Putting science behind RI's ornamental fish industry

For decades international collectors discussed Indonesia's trade in ornamental fish only in hushed tones.

The environmental damage to the nation's marine reefs caused by stunning fish with illegal potassium cyanide had placed Indonesia's export of aquarium fish on the questionable practices list overseas while drawing much criticism from environmentalists and the fishing industry at home.

A group of marine biologists and divers, backed by government regulations, are now helping ornamental fishermen rethink their collection techniques, with environmental and economically sustainable results.

With training from the Indonesian Nature Foundation (LINI), aquarium fish harvesters in many parts of Indonesia are now using small-gauge nets to gather targeted fish species, allowing coral reef to replenish itself.

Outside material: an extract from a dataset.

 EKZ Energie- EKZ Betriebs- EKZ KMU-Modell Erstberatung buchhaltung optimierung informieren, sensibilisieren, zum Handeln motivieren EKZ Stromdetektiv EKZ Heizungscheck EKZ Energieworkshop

The soft nets reduce injury to the fish, which are again breeding well thanks to no-take zones. These serve as miniature marine reserves, allowing for breeding and a safe haven for fish agreed to by the fishermen.

Aquarium fish divers have often sprayed collectible fish with potassium cyanide to stun them, which also kills off the nearby coral. Unbridled use of potassium cyanide was killing off the very reefs which serve as the breeding ground and living habitat for many aquarium and food fish species. The harvesters were in effect killing the golden goose.